1. Glorfindel is one of the most powerful of all the Noldor. He held the flanks when Trugons and Fingons Noldorin army were escaping from the Nirnaeth. 

2. He is lord of the Golden Flower and he kicked butt in Fall of Gondolin. 

3. He slew a Balrog. He didn't wail, unlike an elf I know.





> Also Glorfindel never rode against the NAzgul.



Wrong.



> October 11; 3018 He (Glorfindel) drives the riders off the bridge of Mietheitel


 -Appendix; Tale of Years; LoTR
Plus:



> Then the Witch-King laughed...But Glorfidnel rode up then on his white horse, and in the midst of his laughter the witc king turned to flight...


 Appendix; A; LoTR

Even the Lord of the Nazgul was afraid of him. 

Soem more quotes if you like:



> He (Elrond) sends out scouts north, south and west. These scouts are Elves of power.


 HoME 7-Gandalf's delay.



> This suppostion would indeed explain the air of sancity that surronds Glorfindel


 HoME 12-Last Writings



> We can thus understand why he seems so powerful a figure and almost angelic.


 HoME 12-Last Writings



> It is evident that he was a Elda of high and noble spirit.


 HoME 12-Last Writings


----------



## Elendil01 (Mar 17, 2003)

If Glorfindel is so great why was his only role in FOTR taken by Arwen in the movie!!!!!!!!!! 

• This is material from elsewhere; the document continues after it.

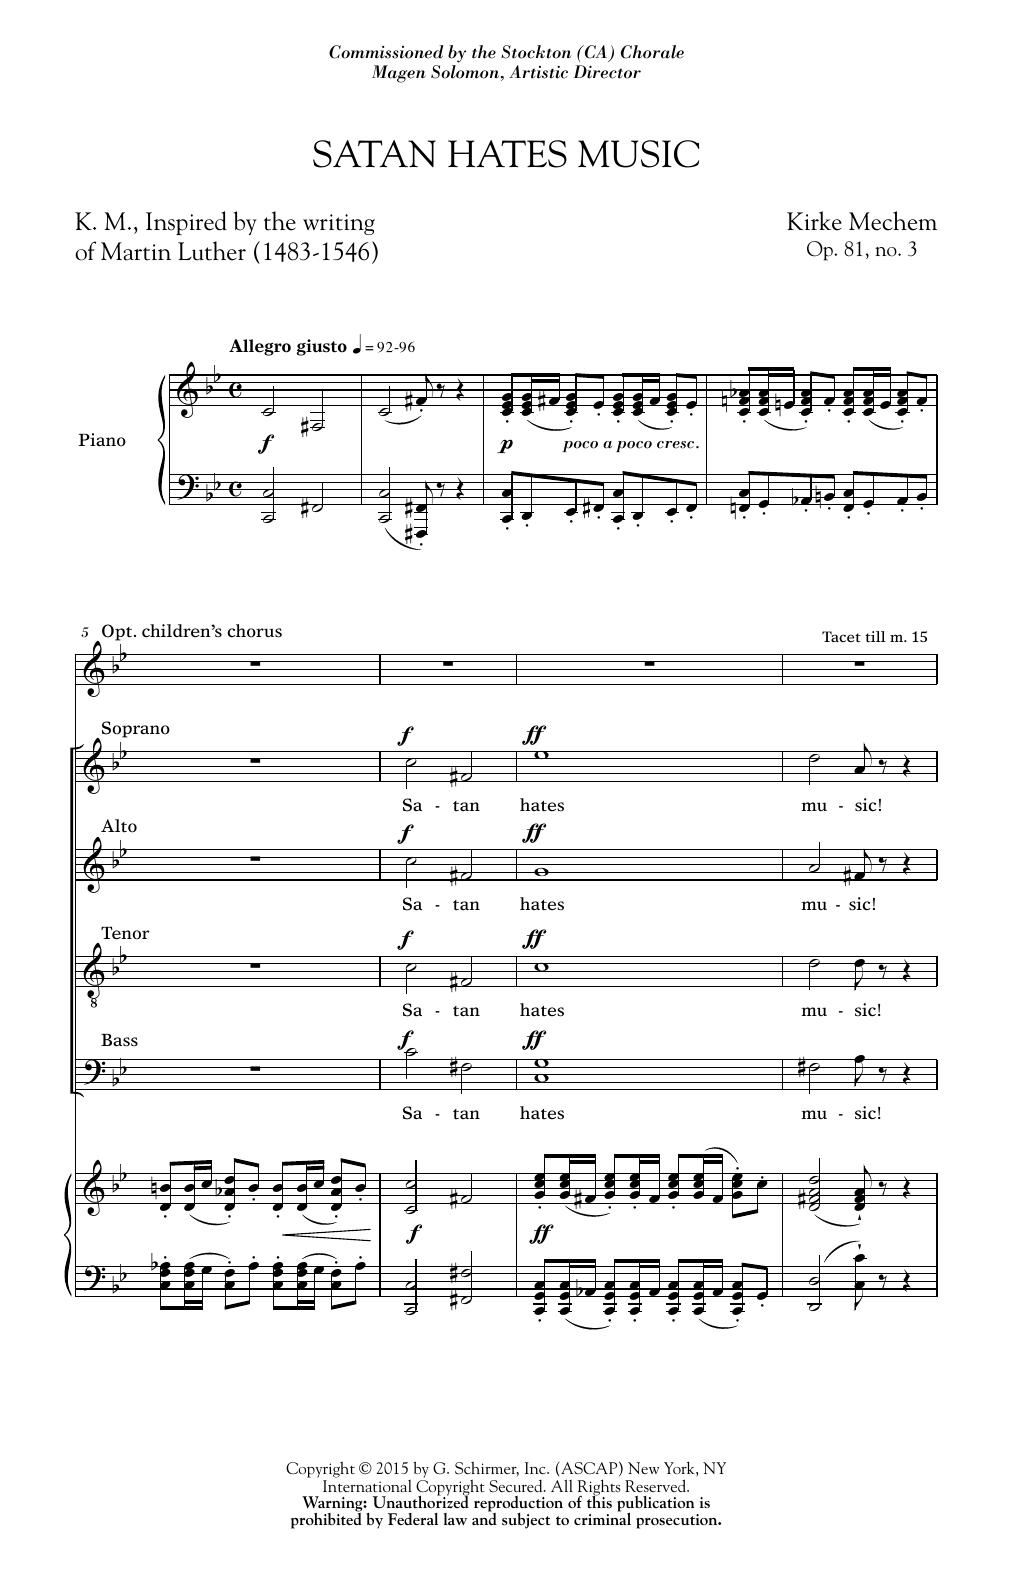 Kirke Mechem Satan Hates Music sheet music notes and chords arranged for SATB Choir
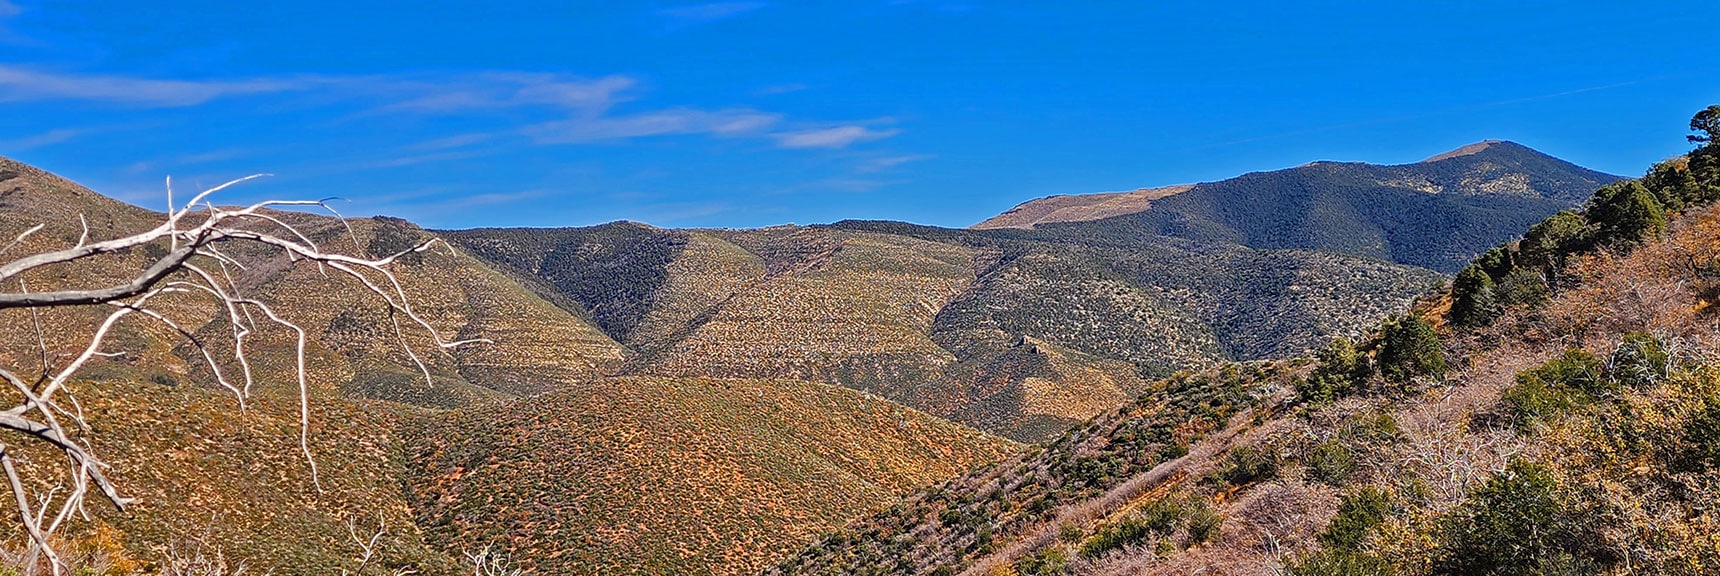 Begin Initial Descent Toward Wash at Base of Lovell Canyon. | Griffith Shadow Loop | Lovell Canyon, Nevada

I would say Elrond could take Glorfindel, hell, I'd guess his daughter could take him

This is only my opinion


----------



## Flame of Udûn (Mar 18, 2003)

Peter Jackson did not want the bother of casting and writing scenes for a character who had only a relatively small part. This way he would have one big character instead of two smaller ones. I can't say I was happy about it but I understand it.


----------